Scientists have peered into the heart of Mars for the first time. NASA’s InSight spacecraft, sitting on the Martian surface with the aim of seeing deep inside the planet, has revealed the size of Mars’s core by listening to seismic energy ringing through the planet’s interior, according to a report.
The measurement suggests that the radius of the Martian core is 1,810 to 1,860 kilometres, roughly half that of Earth’s. That’s larger than some previous estimates, meaning the core is less dense than had been predicted. The finding suggests the core must contain lighter elements, such as oxygen, in addition to the iron and sulfur that constitute much of its make-up. InSight scientists reported their measurements in several presentations this week at the virtual Lunar and Planetary Science Conference, based out of Houston, Texas, reported Nature.
Rocky planets such as Earth and Mars are divided into the fundamental layers of crust, mantle and core. Knowing the size of each of those layers is crucial to understanding how the planet formed and evolved. InSight’s measurements will help scientists to determine how Mars’s dense, metal-rich core separated from the overlying rocky mantle as the planet cooled. The core is probably still molten from Mars’s fiery birth, some 4.5 billion years ago.
The only other rocky planetary bodies for which scientists have measured the core are Earth and the Moon. Adding Mars will allow researchers to compare and contrast how the Solar System’s planets evolved. Similar to Earth, Mars once had a strong magnetic field generated by liquid sloshing its core, but that magnetic field dropped dramatically over time, causing Mars’s atmosphere to escape into space and the surface to become cold, barren and much less hospitable to life than Earth’s.

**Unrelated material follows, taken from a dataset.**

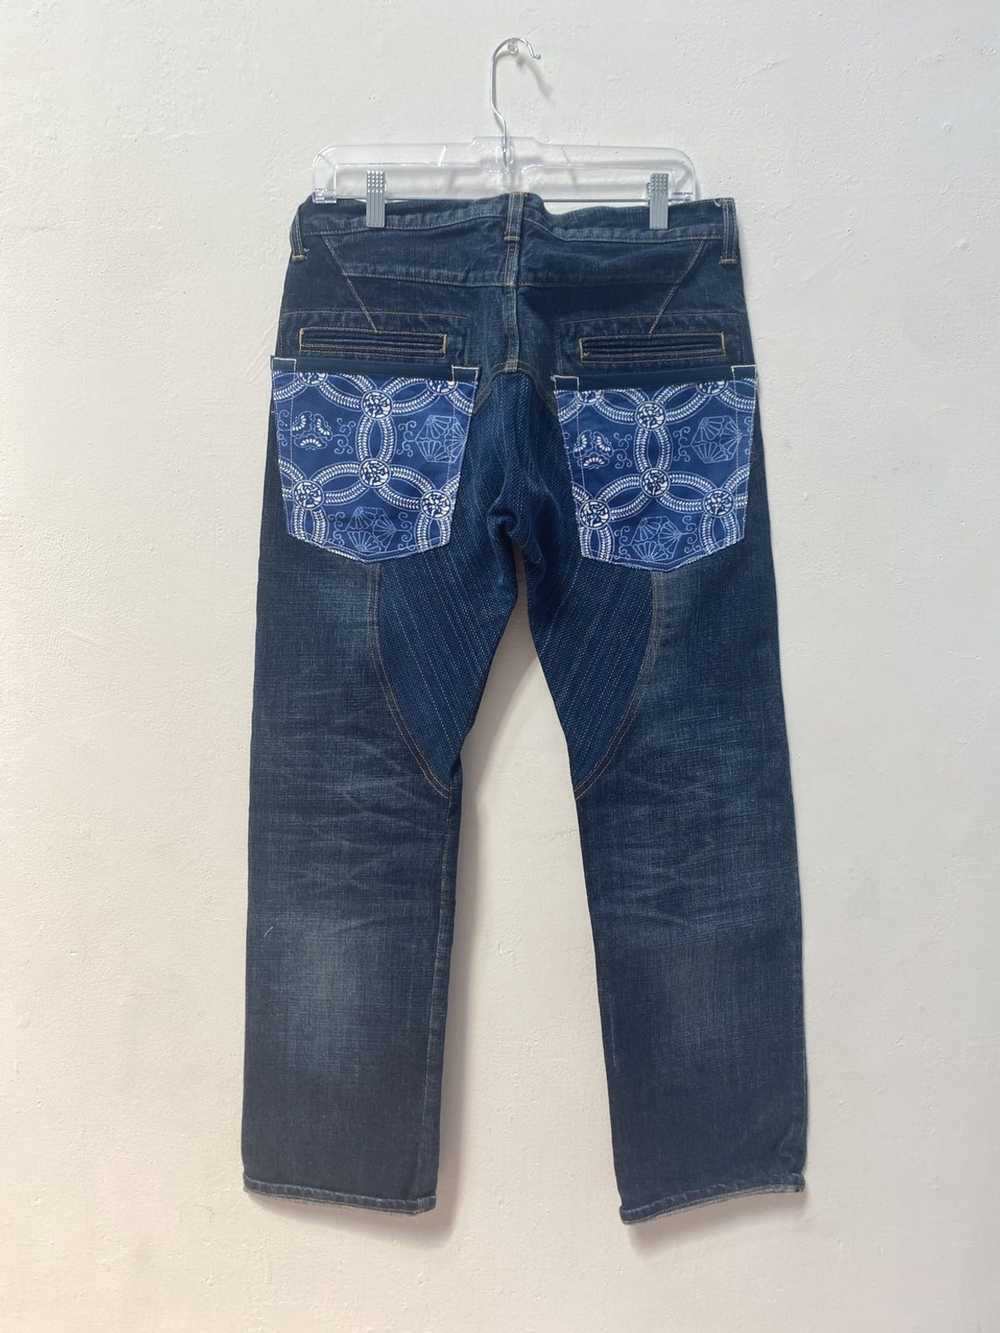 Junya Watanabe AW14 Boro Patterned Jeans - image 1

Simon Stähler, a seismologist at the Swiss Federal Institute of Technology in Zurich, reported the core findings in a pre-recorded 18 March presentation for the virtual conference. Stähler declined an interview request from Nature, saying the team intends to submit the work for publication in a peer-reviewed journal.
The work builds on earlier findings from InSight that detected layers in the Martian crust. “Now we start to have that deep structure down to the core,” said geophysicist Philippe Lognonné in another pre-recorded talk. Lognonné, based at the Paris Institute of Earth Physics in France, heads InSight’s seismometer team.
The spacecraft, which cost nearly US$1 billion, landed on Mars in 2018 and is the first mission to study the red planet’s interior. The stationary lander sits near the Martian equator and listens for ‘marsquakes’, the Mars equivalent of earthquakes. So far, InSight has detected around 500 quakes, meaning the planet is less seismically active than Earth but more so than the Moon. Most marsquakes are very small, Lognonné said, but nearly 50 of them have been between magnitude 2 and 4 — strong enough to provide information on the planet’s interior, the report said.